──────── GIVEN DATA
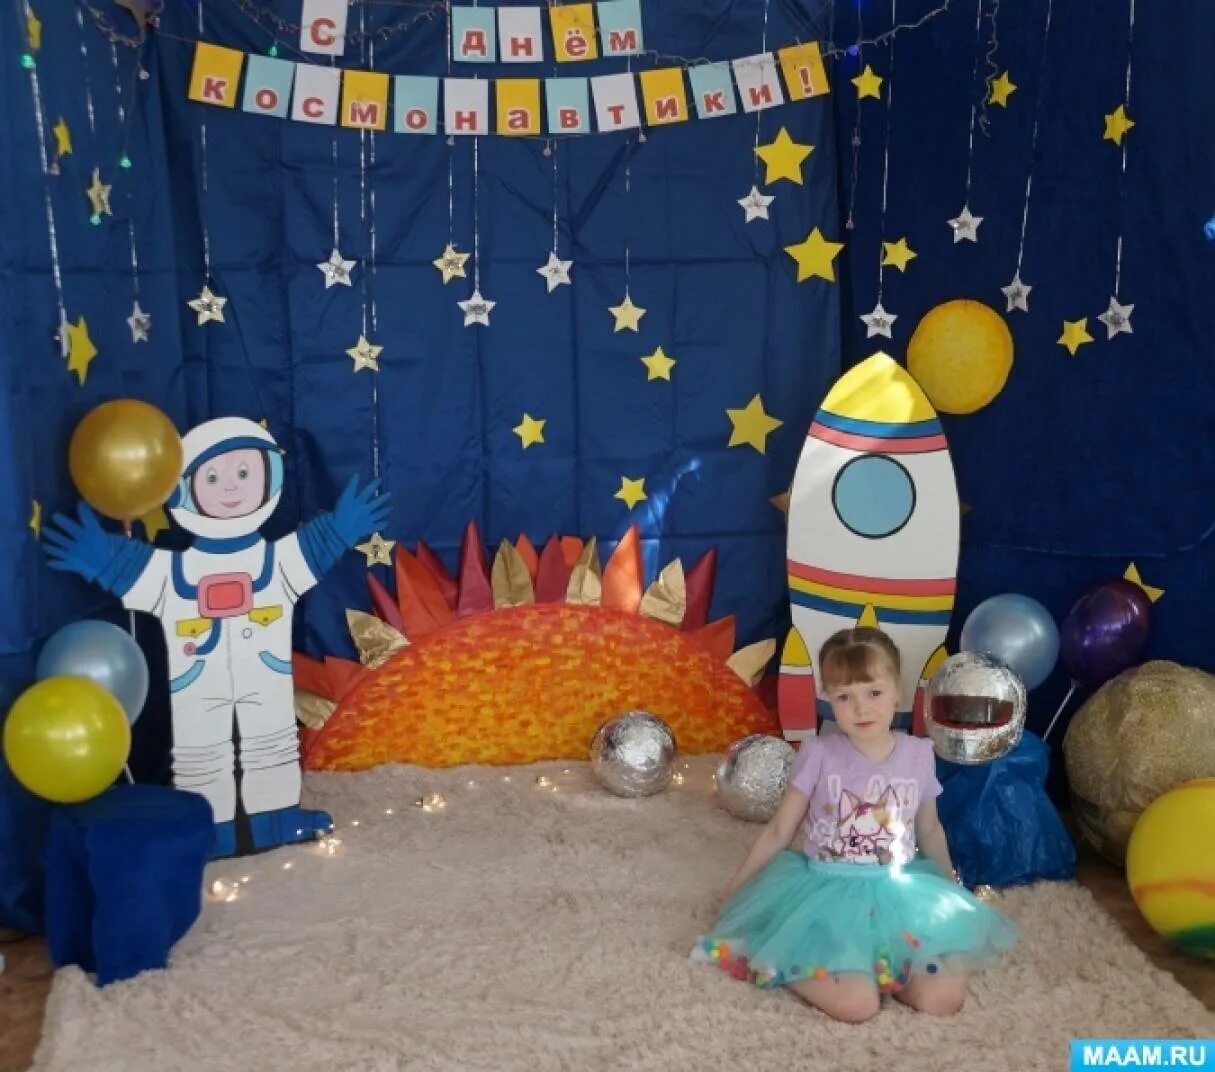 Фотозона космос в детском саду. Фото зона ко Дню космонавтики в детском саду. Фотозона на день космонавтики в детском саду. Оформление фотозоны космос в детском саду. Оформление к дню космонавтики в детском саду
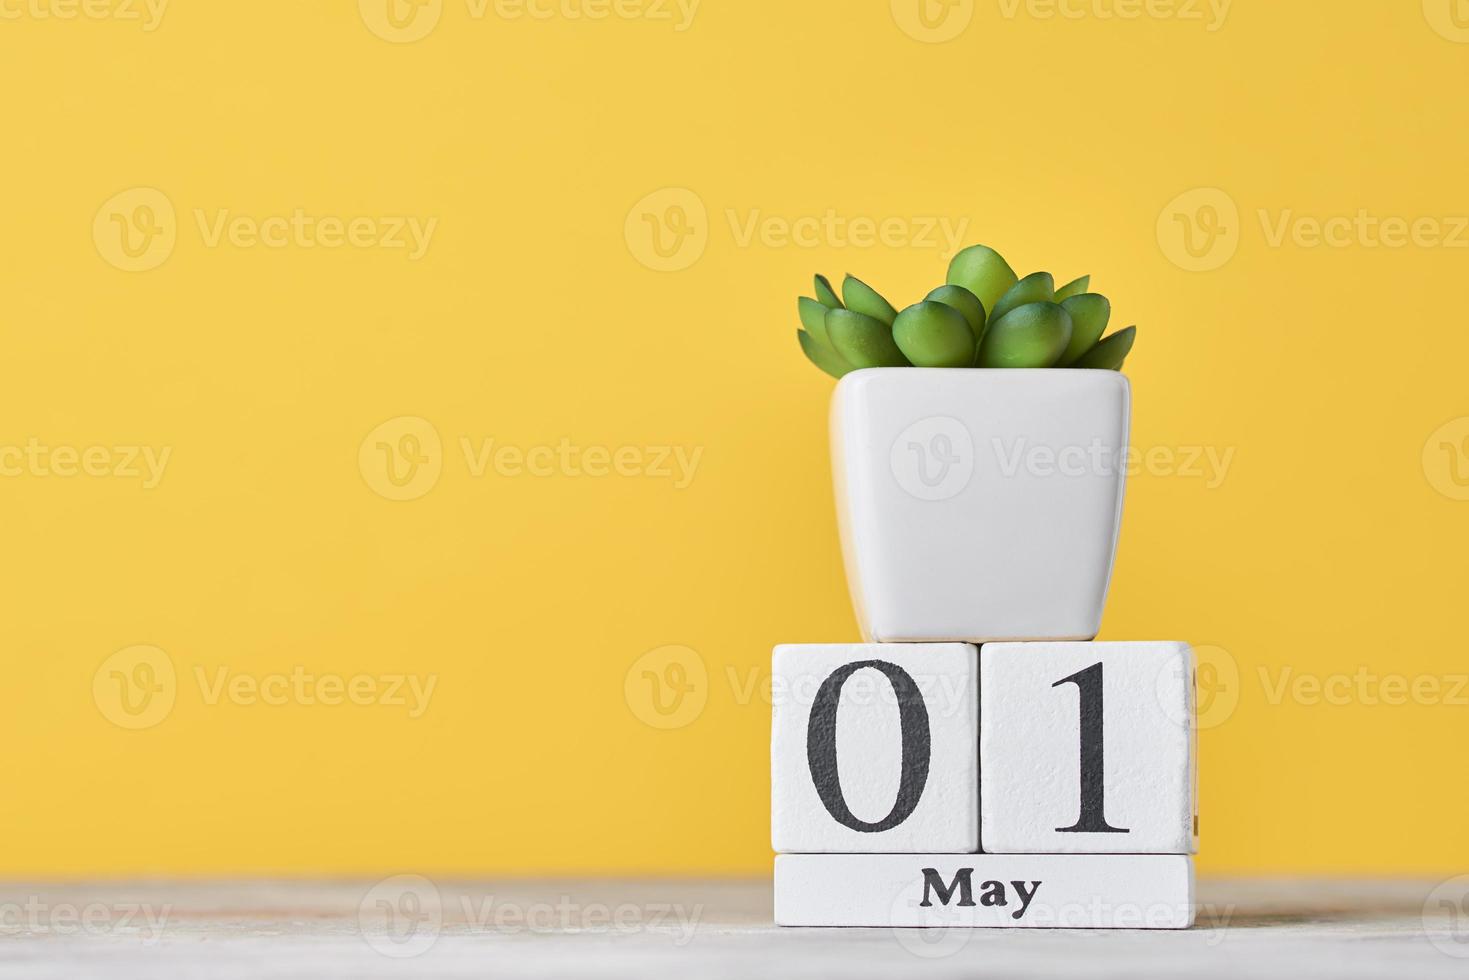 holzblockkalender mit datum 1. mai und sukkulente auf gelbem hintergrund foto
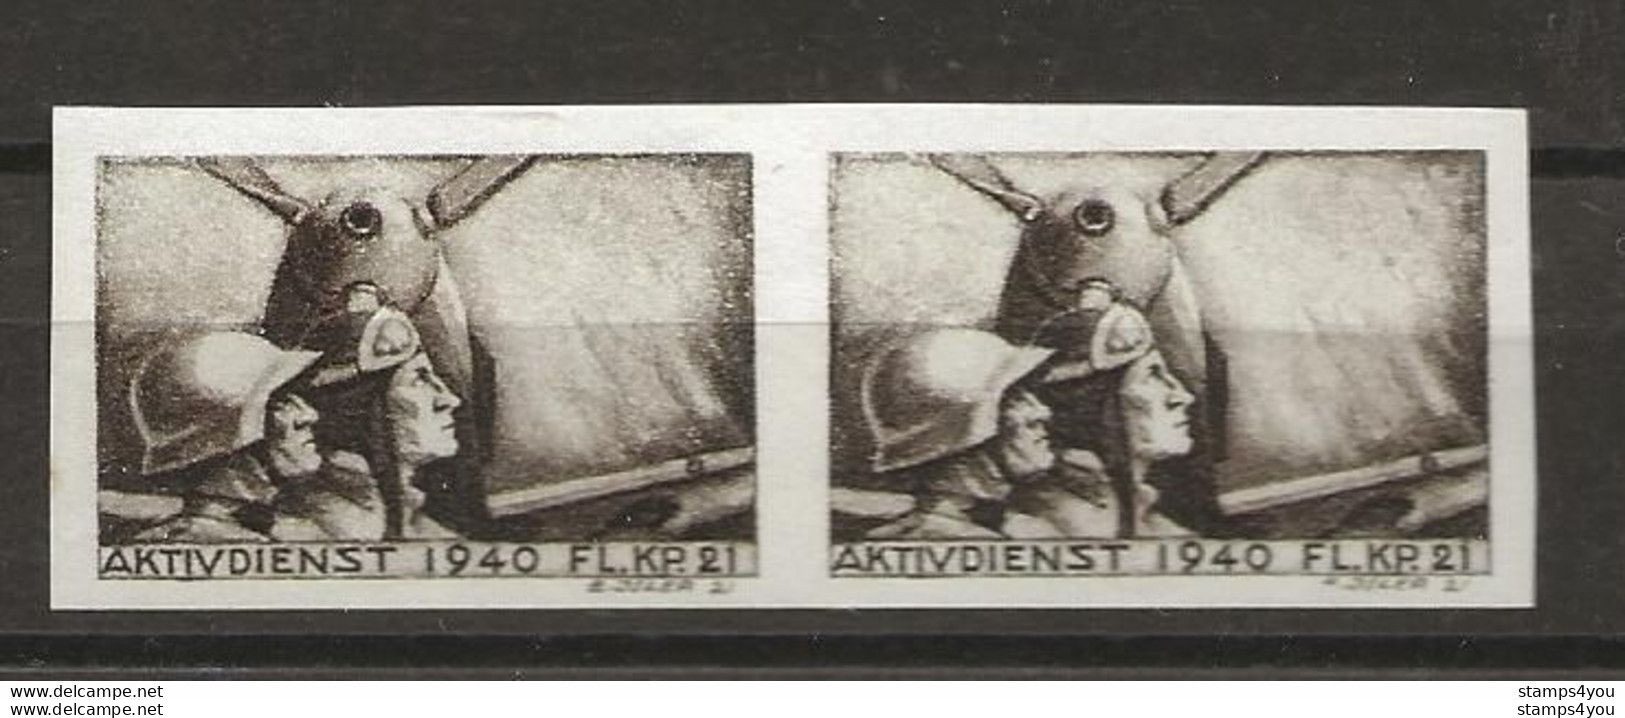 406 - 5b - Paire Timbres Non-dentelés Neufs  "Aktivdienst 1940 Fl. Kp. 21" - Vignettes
────────────────
──────── GIVEN DATA
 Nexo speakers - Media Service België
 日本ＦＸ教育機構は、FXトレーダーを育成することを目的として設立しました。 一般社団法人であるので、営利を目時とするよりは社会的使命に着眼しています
────────────────
──────── GIVEN DATA
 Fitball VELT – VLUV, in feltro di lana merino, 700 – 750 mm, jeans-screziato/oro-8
────────────────
# YOUR INSTRUCTIONS
The stretch to restate runs from the line above containing "holzblockkalender mit datum" through the line containing "406 - 5b - Paire". Copy it word for word, ends included, without pictures.

# SOLUTION TO THE PROBLEM
 holzblockkalender mit datum 1. mai und sukkulente auf gelbem hintergrund foto
 406 - 5b - Paire Timbres Non-dentelés Neufs  "Aktivdienst 1940 Fl. Kp. 21" - Vignettes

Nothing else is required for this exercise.